▶ _What you need to do_:
Using only the entries below, copy exactly the lines that begin at the one with "びん呼吸モールス信号精油ケース オレンジ5ミリリットル/ 10ミリリットル/" and end at the one with "493c0b137 Sterling Silver", both included. Drop the pictures.

▶ _Records for this exercise_:
----
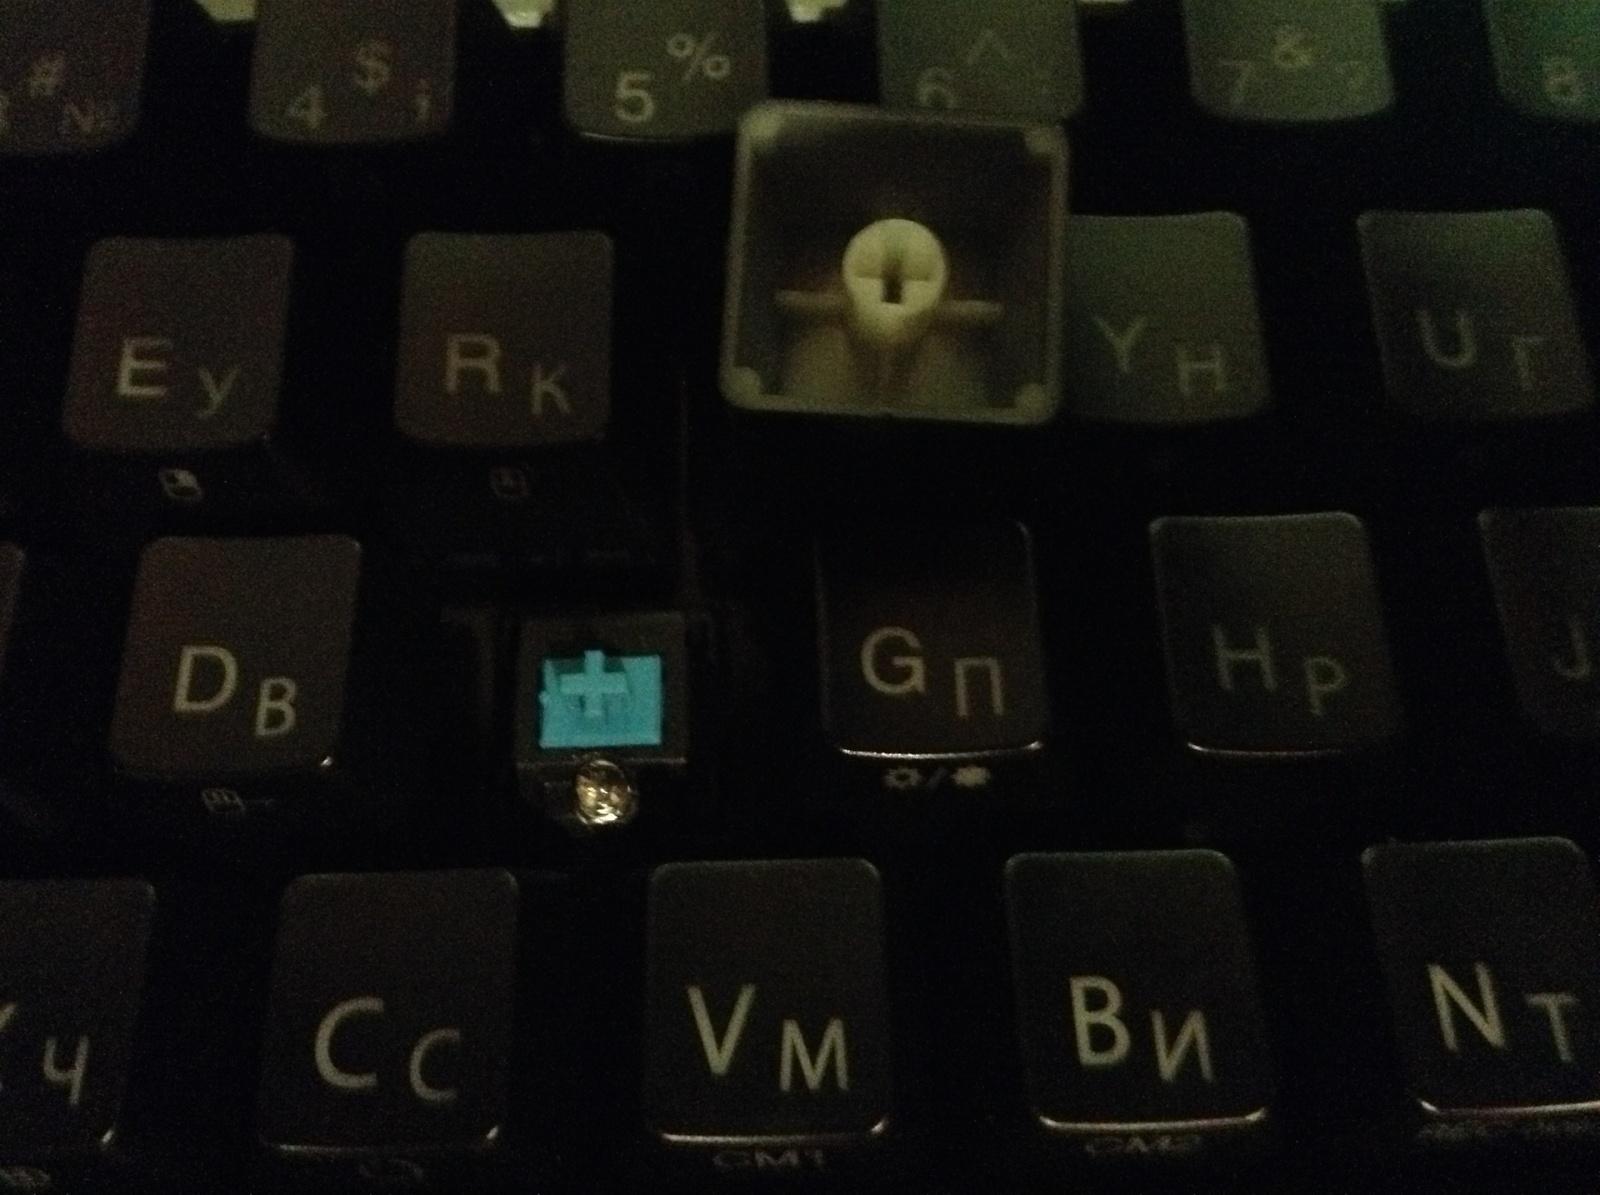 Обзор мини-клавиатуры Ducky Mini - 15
----
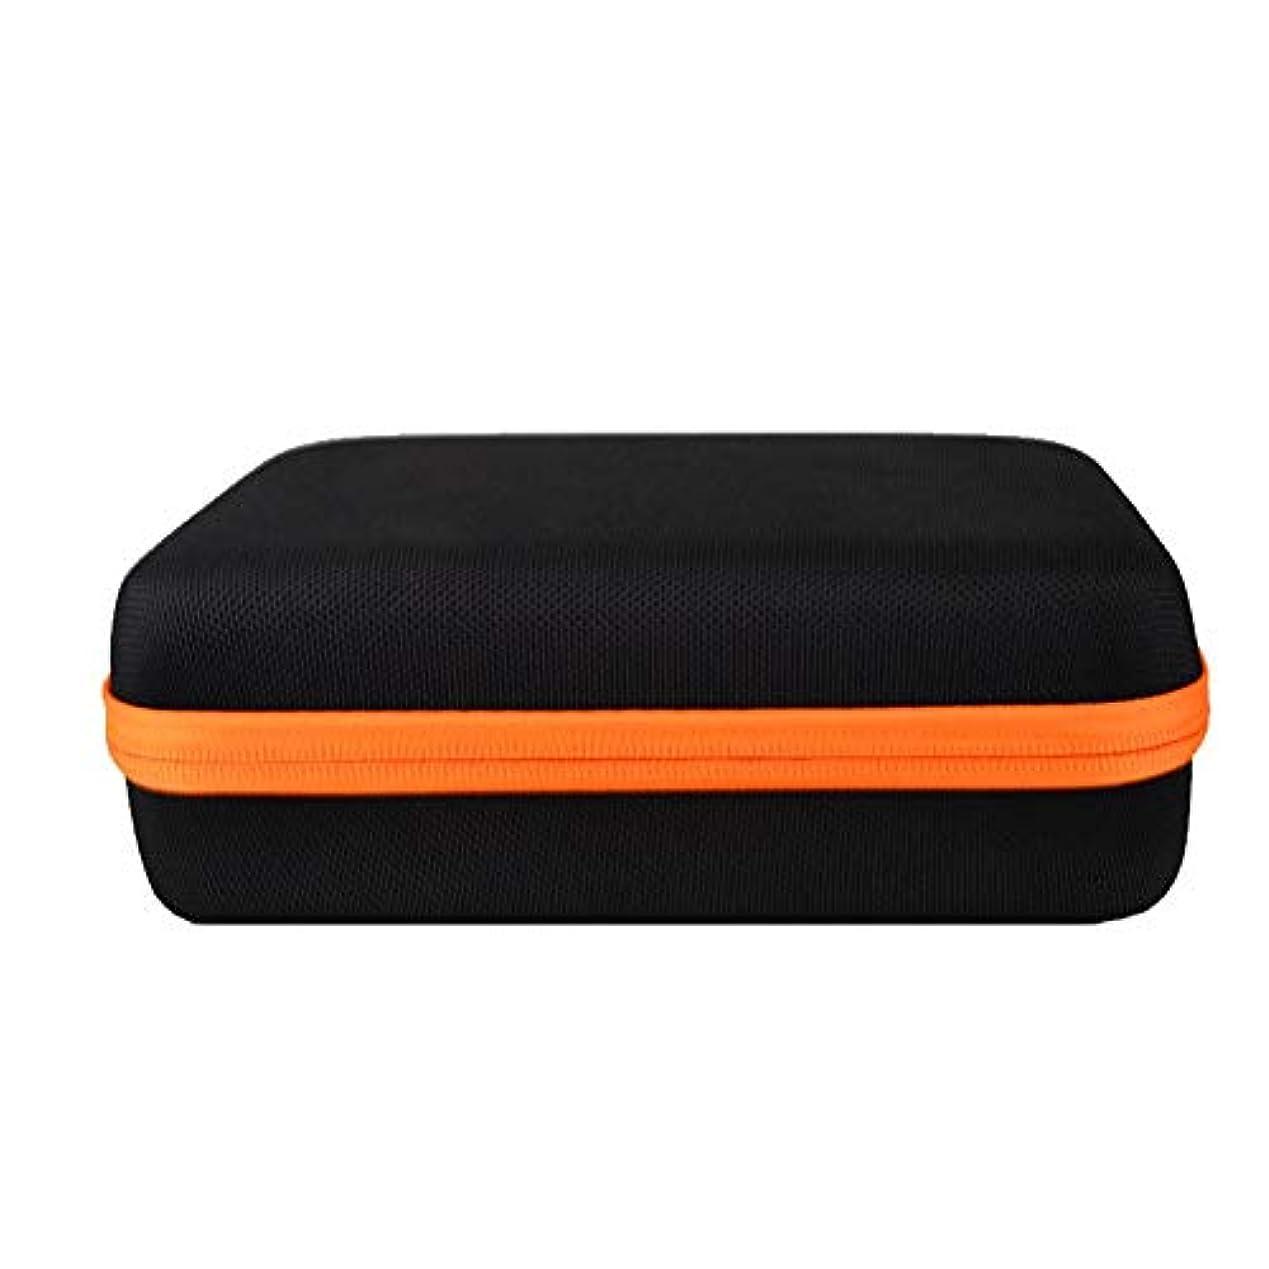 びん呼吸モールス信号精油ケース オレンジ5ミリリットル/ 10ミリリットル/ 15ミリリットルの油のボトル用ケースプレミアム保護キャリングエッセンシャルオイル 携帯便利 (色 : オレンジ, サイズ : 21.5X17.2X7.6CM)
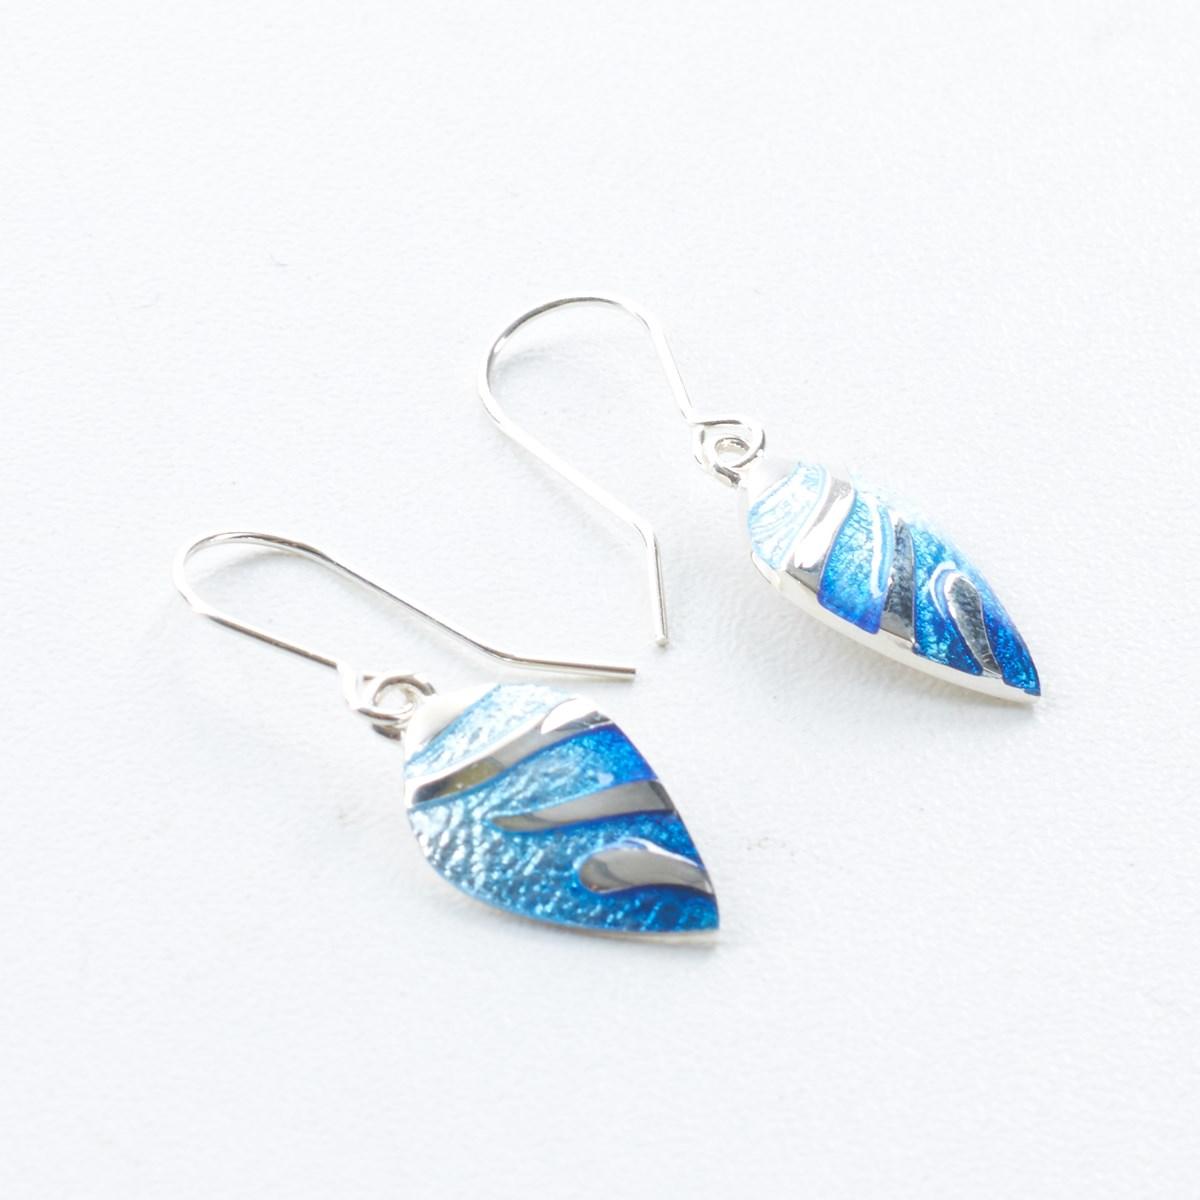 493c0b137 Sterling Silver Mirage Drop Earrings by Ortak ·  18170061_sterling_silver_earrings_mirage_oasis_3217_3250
----
▶ _Problem solution_:
 びん呼吸モールス信号精油ケース オレンジ5ミリリットル/ 10ミリリットル/ 15ミリリットルの油のボトル用ケースプレミアム保護キャリングエッセンシャルオイル 携帯便利 (色 : オレンジ, サイズ : 21.5X17.2X7.6CM)
 493c0b137 Sterling Silver Mirage Drop Earrings by Ortak ·  18170061_sterling_silver_earrings_mirage_oasis_3217_3250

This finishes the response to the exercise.